Artist Michael C. Thorpe nurses a beer or three.
Rirkrit Tiravanija acted as the chef for the evening.
Paella components.
Alastair Mckimm, Mario Sorrenti, and Gavin Brown.
Artist Simphiwe Ndzube taking a break from the dance floor.
Gavin Brown in his element.
The very next morning, I splashed cold water on my face and hit the highway for Pine Plains, New York, to see David Roy aka BlackNASA‘s rocket launch from Dan Colen‘s Sky High Farms.
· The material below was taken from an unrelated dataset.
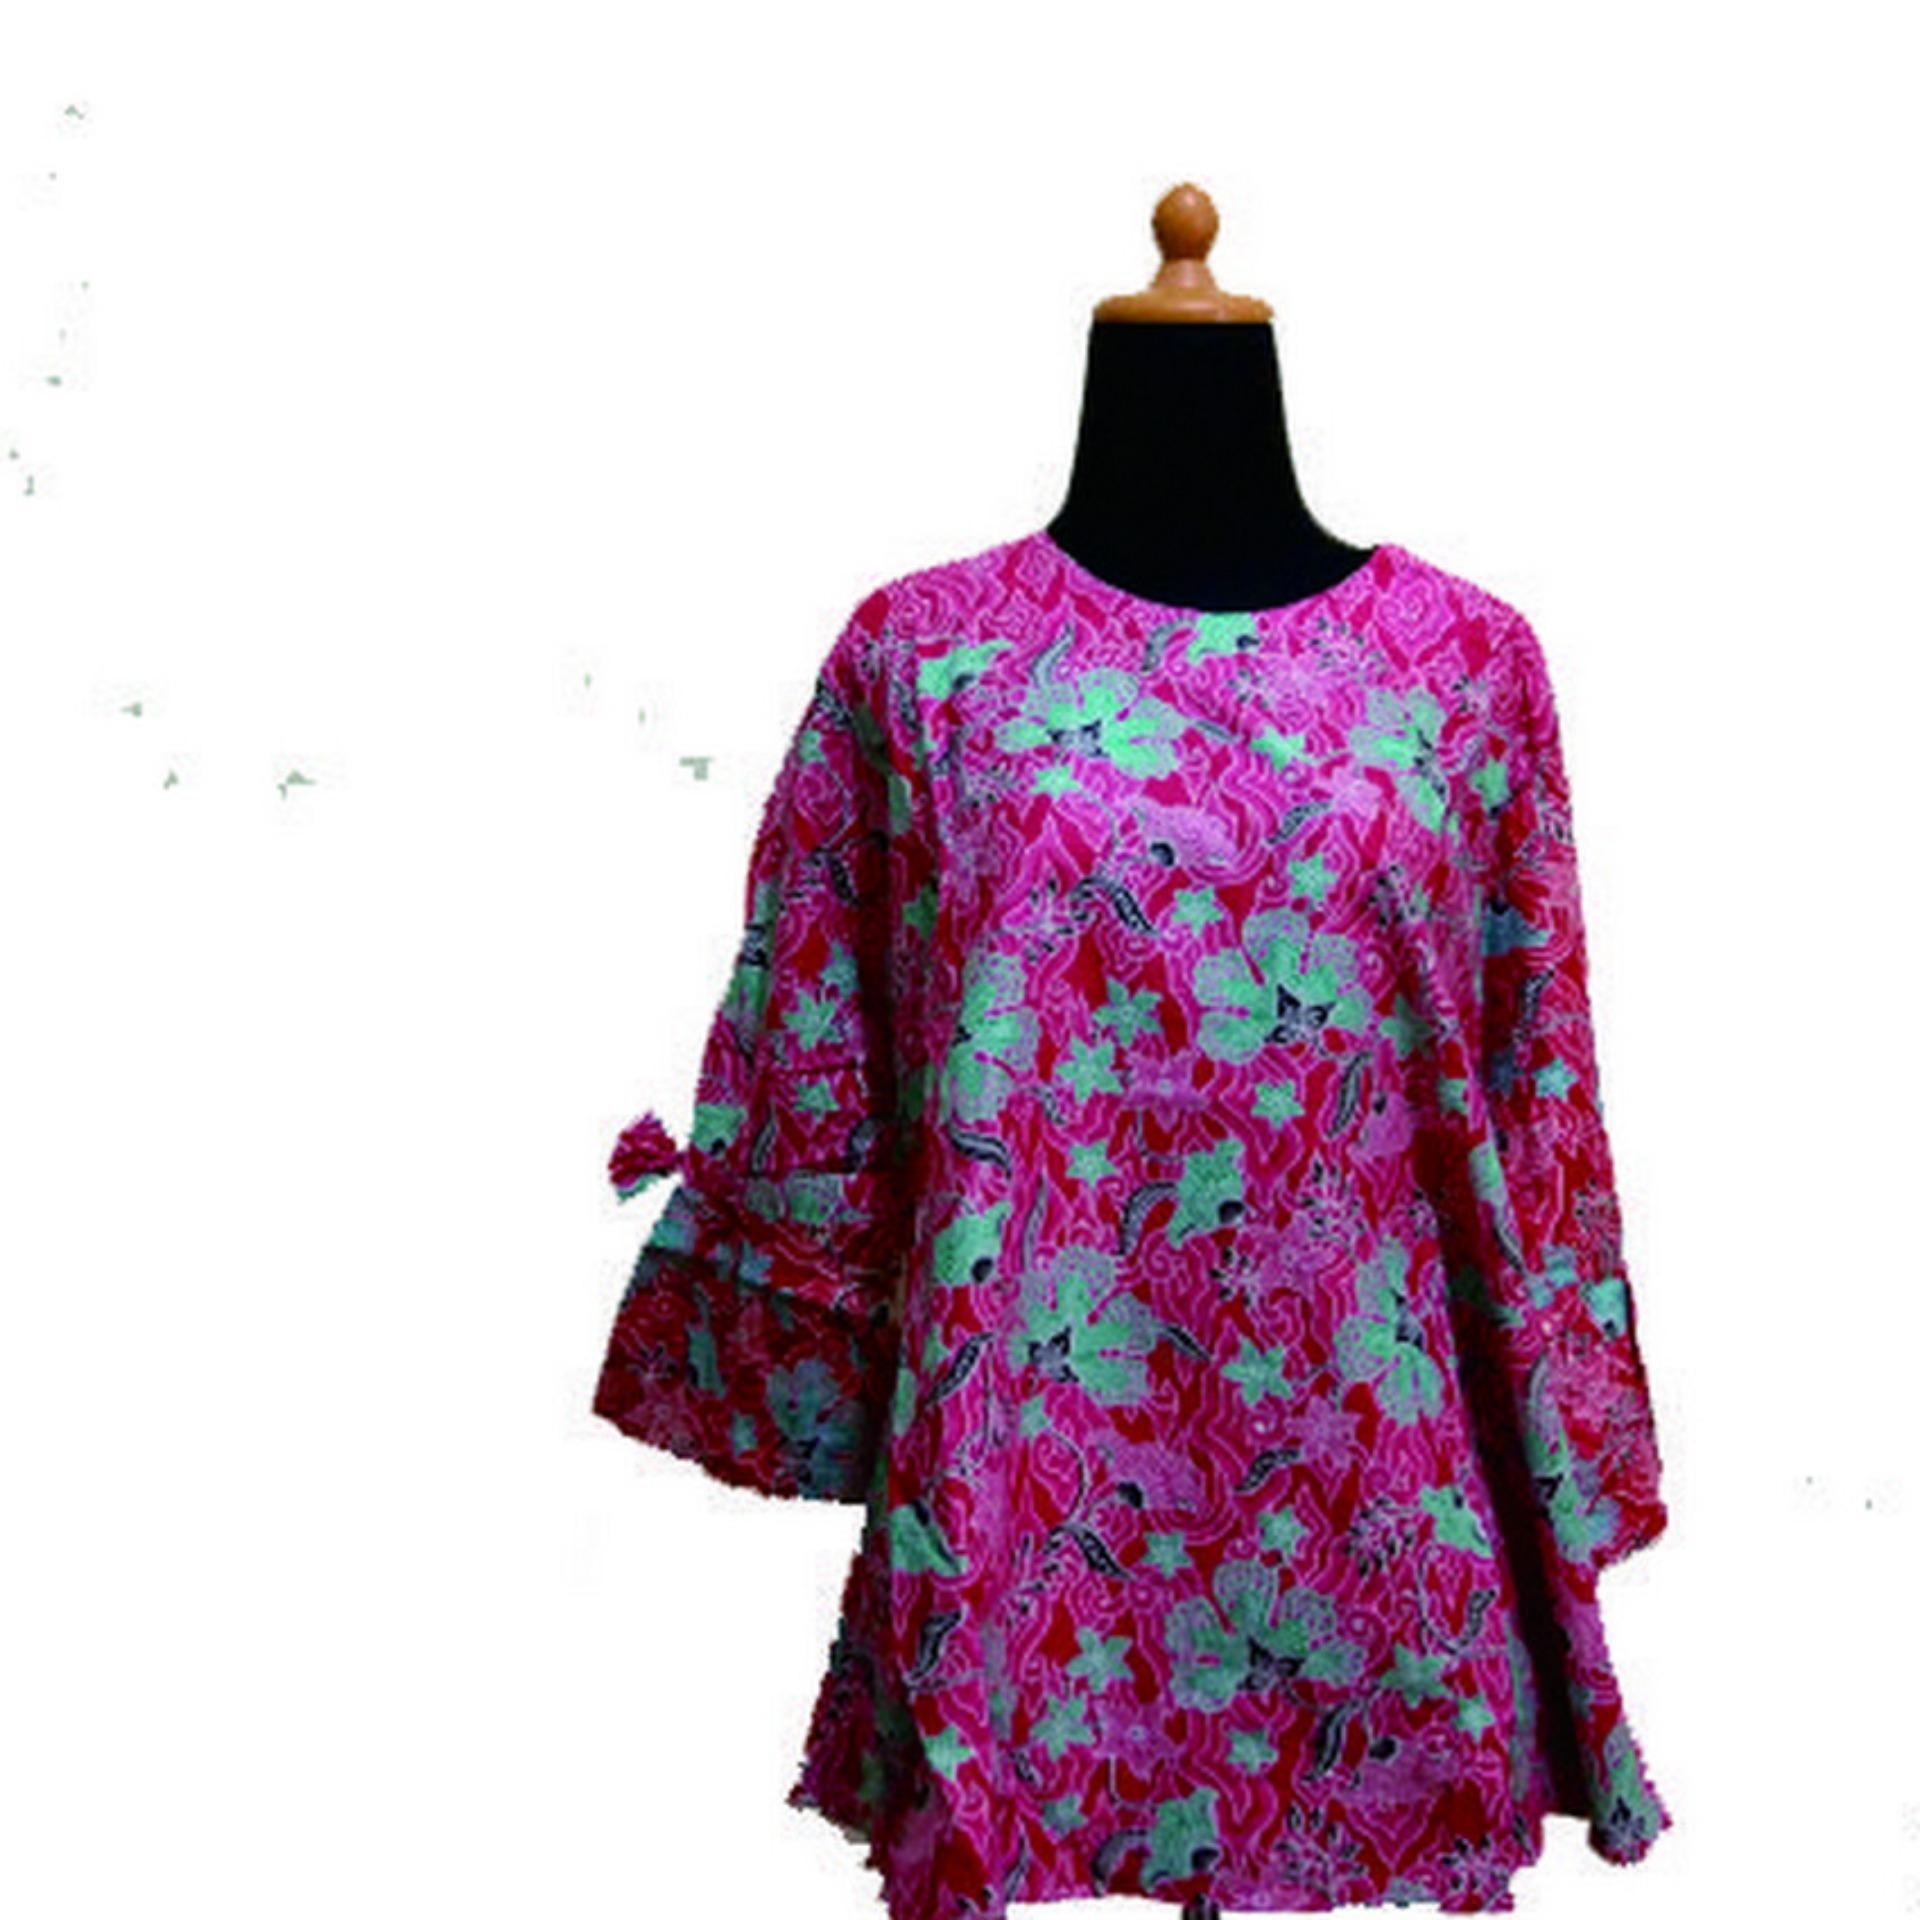 Harga Zarra Batik Baju Batik Wanita Lengan Panjang Multiwarna Termahal
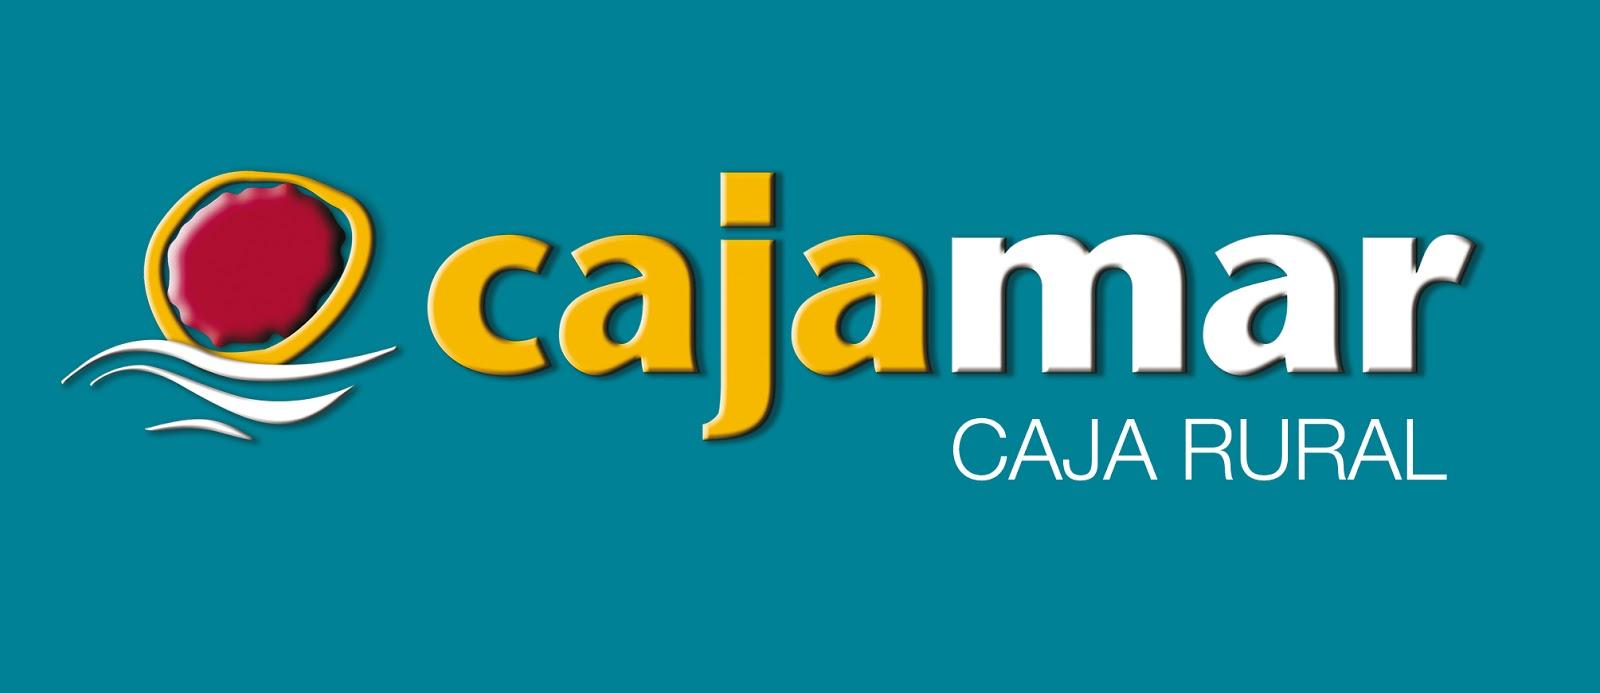 Les not cies del cambrils ucf comunicat canvi entitat for Oficina 3058 cajamar

You can imagine my frustration that I arrived to the farm just moments after the rocket was actually launched, but check out a video of the action on Roy’s gallery 56 Henry‘s Instagram.
Gallerist Ellie Rines returns to the farm with wreckage from liftoff, which even an hour after launching, was hot and smelling bizarrely like mushrooms.
Writer Rachel Summer Small gets the dregs of the coffee stand.
A line of tie-dye shirts drying at Sky High Farms.
Collector Vikram Ravikumar and art advisor Dan Oglander await the launch.
WET PAINT QUESTIONNAIRE
Last week, I asked you lovely folks whether you thought NFTs would have a place in the fine art world in the next five years. Artist and critic Walter Robinson said, “A year ago I was ignoring NFTs and that was really working for me. Now that Kenny Schachter says he made $1M from his, I’m beginning to wonder.” Writer Helen Holmes wrote in, “If auction houses are to be believed, NFTs aren’t just shiny new toys; they’re paradigm-shifting commodities changing the way sales are conducted and reconfiguring how art is consumed. Art-world people have been pitching these things HARD, but in 5 years the spark may have faded. 15 years from now, though, you can bet they’ll come back around: trends are cyclical, and NFTs will prompt nostalgia.”